O que a norma manda sair do relatório
A ergonomia não acaba quando o relatório fica pronto. A NR-17 nomeia dois destinos obrigatórios para o achado ergonômico, e os dois ficam dentro do PGR: o inventário de riscos e o plano de ação.
Leia a alínea "b" devagar. O que integra o inventário não é o relatório da AET. É a revisão da identificação de perigos e da avaliação de riscos que a AET indicou. O relatório em si tem outro destino, que é guarda — não integração. Quem anexa o PDF da AET no fim do PGR e considera o item 17.3.5 cumprido não cumpriu o item.
Este artigo trata do destino do achado. Sobre qual dos dois documentos é exigido em cada situação, veja AEP e AET: quando cada uma é exigida. Sobre o conteúdo de cada um, o que é a AEP e o que é a AET.
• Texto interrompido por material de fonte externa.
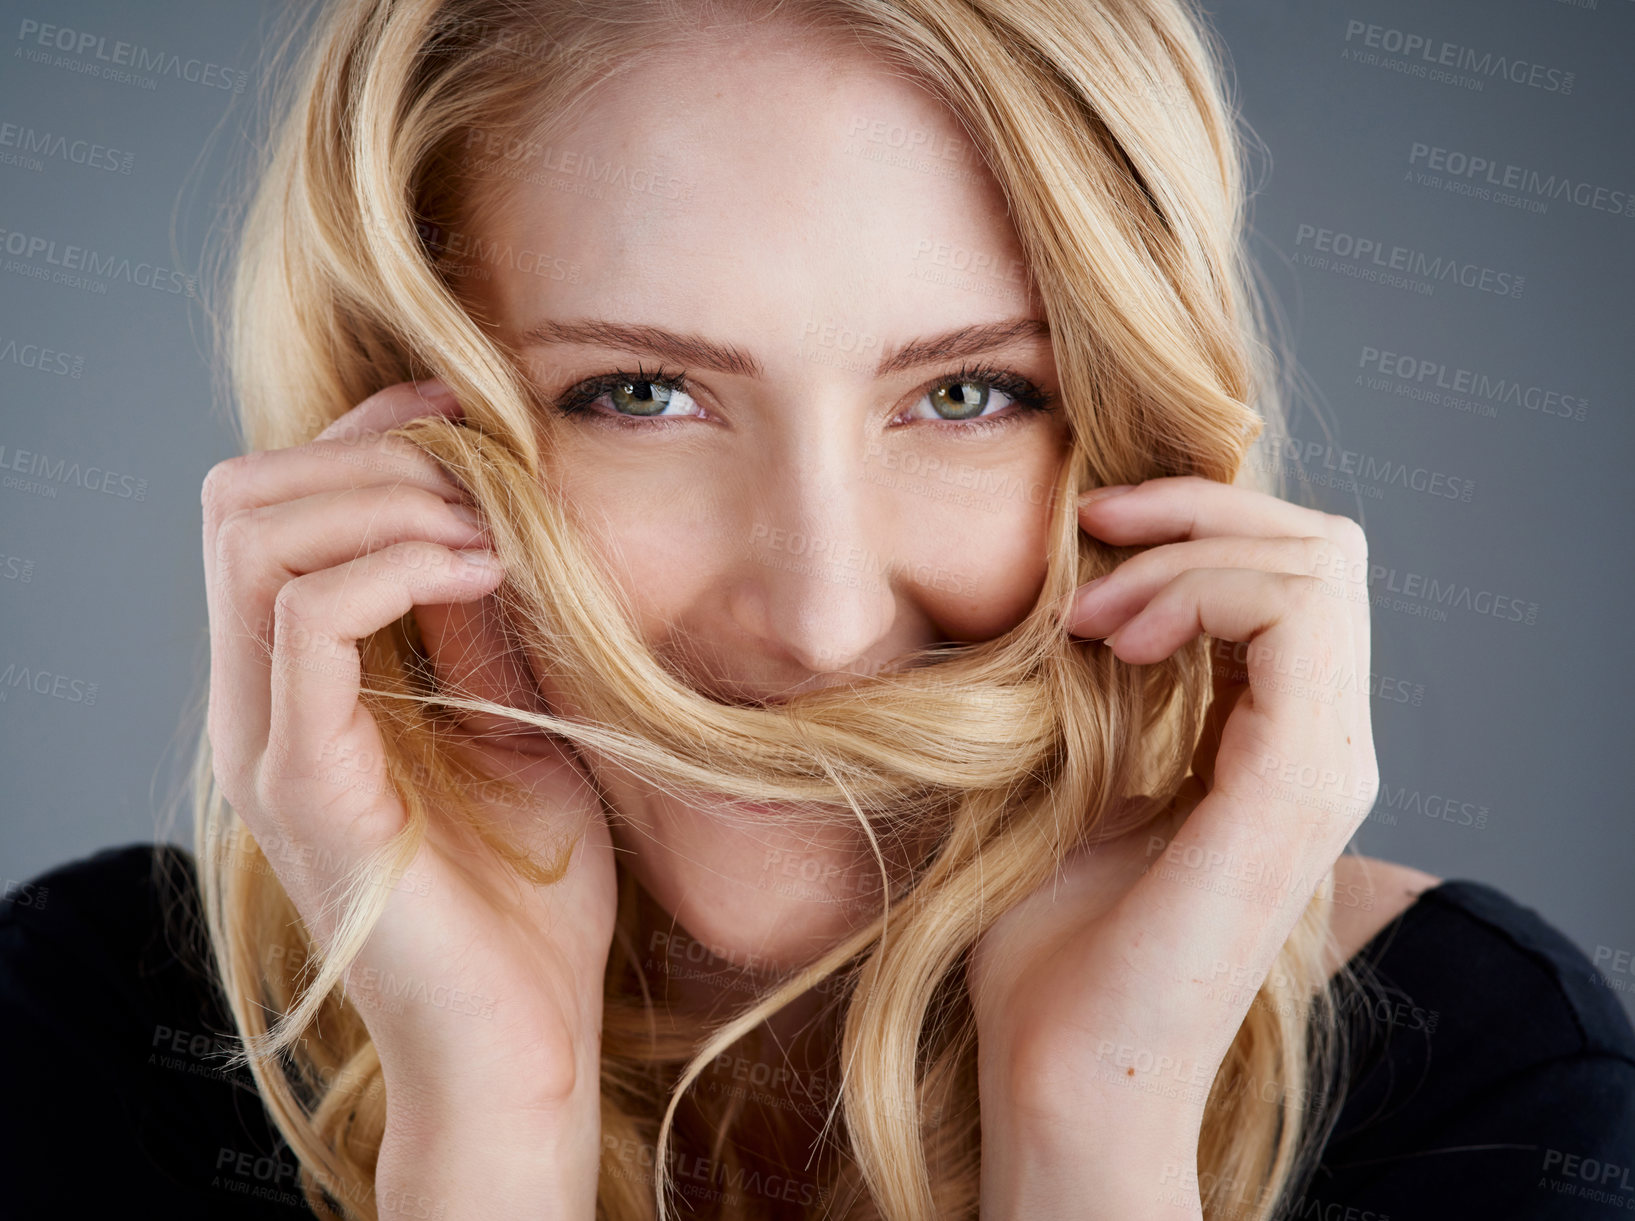 Buy stock photo Studio portrait of an attractive young woman playing with her hair against a gray background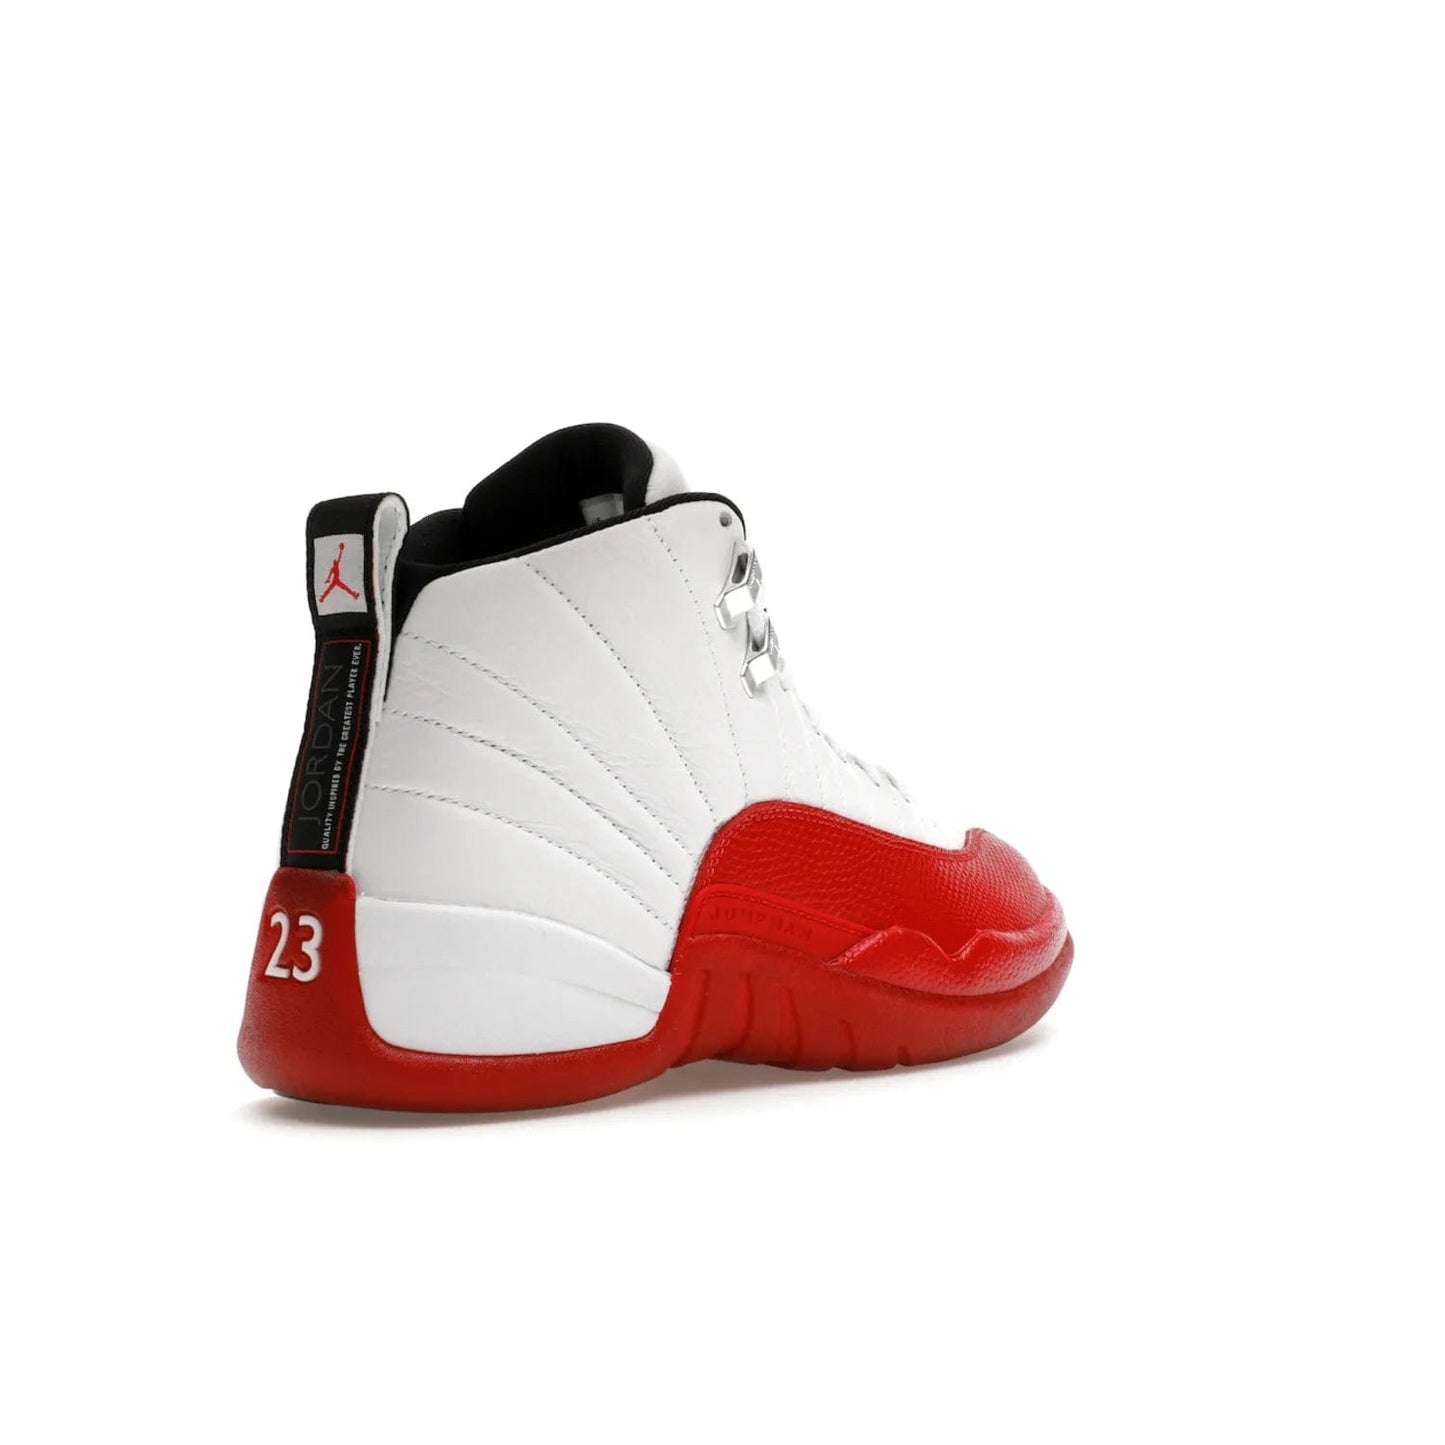 Jordan 12 Retro Cherry (2023) - Image 32 - Only at www.BallersClubKickz.com - Live your sneaker legend with the Jordan 12 Retro Cherry. Iconic pebbled leather mudguards, quilted uppers, and varsity red accents make this 1997 classic a must-have for 2023. Shine on with silver hardware and matching midsoles, and bring it all together for limited-edition style on October 28th. Step into Jordan legacy with the Retro Cherry.

Onde exatamente o resultado entra
A NR-01 lista o conteúdo mínimo do inventário por alínea, e uma dessas alíneas cita a NR-17 pelo nome.
O verbo é consolidar. O inventário é o lugar onde os dados se juntam, não uma capa que aponta para pastas. As nove alíneas do subitem 1.5.7.3.2 estão destrinchadas em o que o inventário de riscos precisa conter.
A leitura que se sustenta é que o resultado da AEP não entra como bloco isolado. Ele se distribui pelas alíneas que já existem: o perigo ergonômico vai para a alínea "c", o grupo exposto para a "e", as medidas já implementadas para a "f", a caracterização da exposição para a "g". A alínea "h" é o ponto de amarração, não o único ponto.
Descrever não basta: o risco ergonômico se classifica
É comum o inventário classificar ruído, poeira e químicos com nível de risco, e reservar à ergonomia um parágrafo em prosa. Isso reprova. A alínea seguinte não abre exceção por tipo de agente.
A norma diz o que a probabilidade do fator ergonômico deve considerar: exigência da atividade e eficácia do que já foi implementado. O critério de comparar perfil de exposição com valores de referência está no subitem anterior, o 1.5.4.4.5.2, e vale para perigos físicos, químicos e biológicos.
Isso não proíbe medição na AEP: o subitem 17.3.1.1 admite expressamente abordagens qualitativas, semiquantitativas, quantitativas ou combinação delas. A distinção é outra. Medir a situação de trabalho é uma coisa; graduar a probabilidade do fator ergonômico por limite de tolerância ou por tempo de exposição é outra, e esse critério a NR-01 reservou a outra família de agentes. O mecanismo geral está em nível de risco: severidade e probabilidade. E relatório de instrumento colado dentro do PGR também não resolve a classificação — o ponto está em relatório de questionário não é inventário.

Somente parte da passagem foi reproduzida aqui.